Revista Arte
La vida en ocasiones transcurre delante de nuestros ojos como un mero reflejo de lo que somos, hasta que nos ocurre algo y necesitamos saltar al otro lado. Entonces nos convertimos en espectadores de nosotros mismos, como si estuviéramos sentados en el patio de butacas sin querer admitir aquello que observamos, aunque esa película sea la de nuestra propia vida. Y esa incredulidad nos viene porque simplemente no nos reconocemos, como cuando alguien nos graba nuestra voz y al escucharla no somos capaces de identificarla como nuestra, porque la verdadera existencia, esa que no entiende de ir a la compra o visitar al médico, es la que se esconde dentro de nosotros como el mayor de los tesoros al que nadie puede llegar. Esa búsqueda de uno mismo es la verdadera razón de ser de esta novela, Tiza, donde su autor, Eugenio Asensio dota a su protagonista de esa capacidad de dualidad existencial, convirtiéndole en adalid de lo que podríamos denominar como la gran aventura de la reflexión: la propia, la única, aquella que se deposita en la sima de nuestras miserias. Y es ahí, en esa aventura de introspección, donde se encuentra el brillo y el acierto de esta novela, porque quizá, sin quererlo, se comporta en una gran epopeya sobre el desencanto; esa enfermedad que mantiene narcotizada a toda una sociedad preocupada nada más que de sus propias cuitas y sin capacidad de mirar más allá de la pantalla de su teléfono móvil. En este sentido, lo primero que se le viene a uno a la cabeza, a medida que avanza en la lectura de esta novela, es la sombra de Meursault, el protagonista de El Extranjerode Albert Camus, porque Eugenio Asensio proporciona a su profesor de las características de esa pérdida de identidad que nos sumergen en el mayor de los anonimatos universales. Su protagonista, por no tener, no tiene ni nombre, lo que sin duda le ayuda a convertirse en una especie de fantasma que deambula por el mundo, pero al contario que estos, nuestro docente sí es visualizado por los demás en contra de sus deseos, porque él mejor que nadie sabe que esa imagen no se corresponde con su verdadero yo.

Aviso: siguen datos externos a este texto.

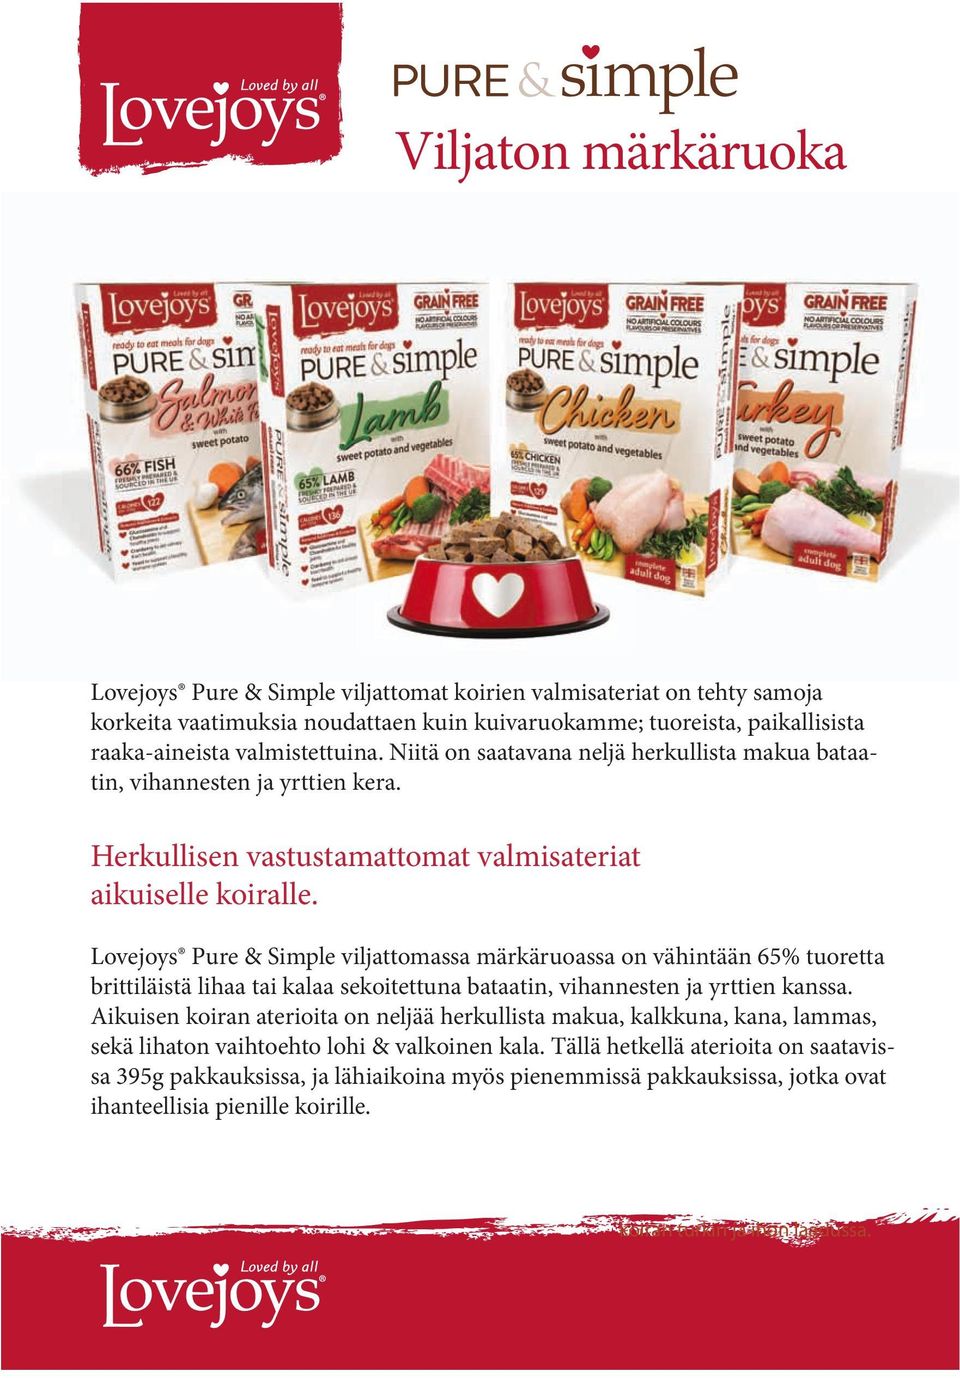 Lovejoys Pure & Simple viljattomassa märkäruoassa on vähintään 65% tuoretta brittiläistä lihaa tai kalaa sekoitettuna bataatin, vihannesten ja yrttien kanssa.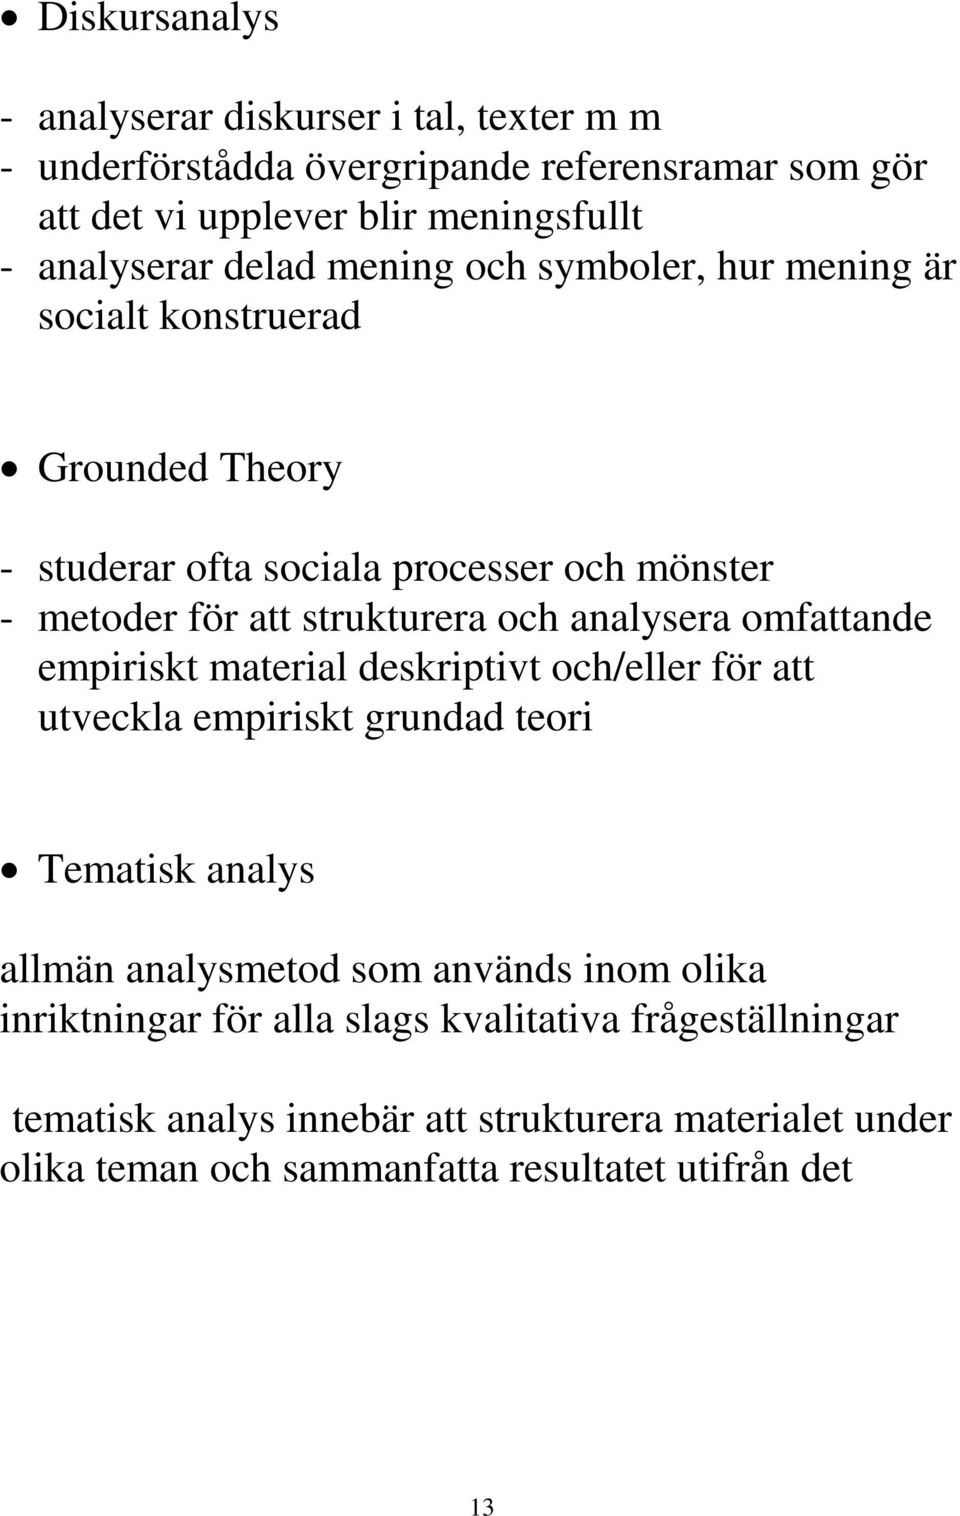 analysera omfattande empiriskt material deskriptivt och/eller för att utveckla empiriskt grundad teori Tematisk analys allmän analysmetod som används inom olika

El narrador, en este caso, utiliza la herramienta de la introspección para desarrollar el alma de su protagonista, y lo hace, cual director de cine, a través de unos primeros planos tan reveladores como incisivos, porque quién no es víctima de sus propias incongruencias, o de esa desgana hacia una vida que no es lo que nos habían prometido. Nuestro existencial profesor, es un hombre sin armas contra su propia desesperanza que, sin embargo, se desenvuelve a la perfección en el terreno de los arrebatos inconfesables que le llevan hasta el mar, su exmujer, la literatura en su plano más amplio, y también hasta su exalumno Héctor, que lejos de ser el leitmotiv de Tiza, es la excusa para montar el resto del decorado. Un montaje, el de Tiza, que nos sumerge de nuevo en el mundo educativo, la herramienta más poderosa que poseen nuestros políticos para manipular a las masas, y que por ello, siempre se convierte en el más peligroso de los instrumentos que adulteran la conciencia colectiva, y quizá también por eso, siempre se halle sumida en un caos perpetuo. Las consecuencias del sistema (educativo y social) se dejan ver en Tizade un modo atronador, y se cuelan en las rendijas de nuestra retina para desde ahí avanzar hasta el epicentro de nuestro corazón, pues las descripciones que Eugenio Asensio hace del mundo de las aulas son tan demoledoras y tan reales, que le dejan a uno sin aliento. Aquí las sospechas se transforman en certezas; certezas que son como un corte directo a la yugular que nos llevan a preguntarnos cuando dejamos atrás de una forma definitiva las enseñanzas de la Academia de Atenas de Platón y Aristóteles.
Con todo, esa es solo la excusa en la que situar a un personaje; un profesor anónimo que ese el álter ego de una sociedad muda y caótica que marcha narcotizada por esa especie de locura colectiva en la que estamos inmersos. Ese nuevo reflejo del caos, está presente en la novela a través de esa huida a los infiernos en la que nuestra profesor intenta trasgredir las normas de su estatus social y las suyas propias, en una especie de vagabundeo por los prostíbulos de Barcelona, que muy bien se podrían asemejar a la sombra del protagonista de ¡Jo qué noche! de Martin Scorsese, pues uno y otro huyen de su propios miedos. Barcelona aparece aquí como una suerte de reflejos indeterminados que casi siempre acaban en el mar, ya sea por esa necesidad de navegar que tiene el protagonista (la eterna huida) o a través del travelling sobre el que se posa la narración en sus descripciones de las sesiones de footing a lo largo de la colinas de la ciudad, o en los viajes en el tren de cercanías pegados a la línea del horizonte.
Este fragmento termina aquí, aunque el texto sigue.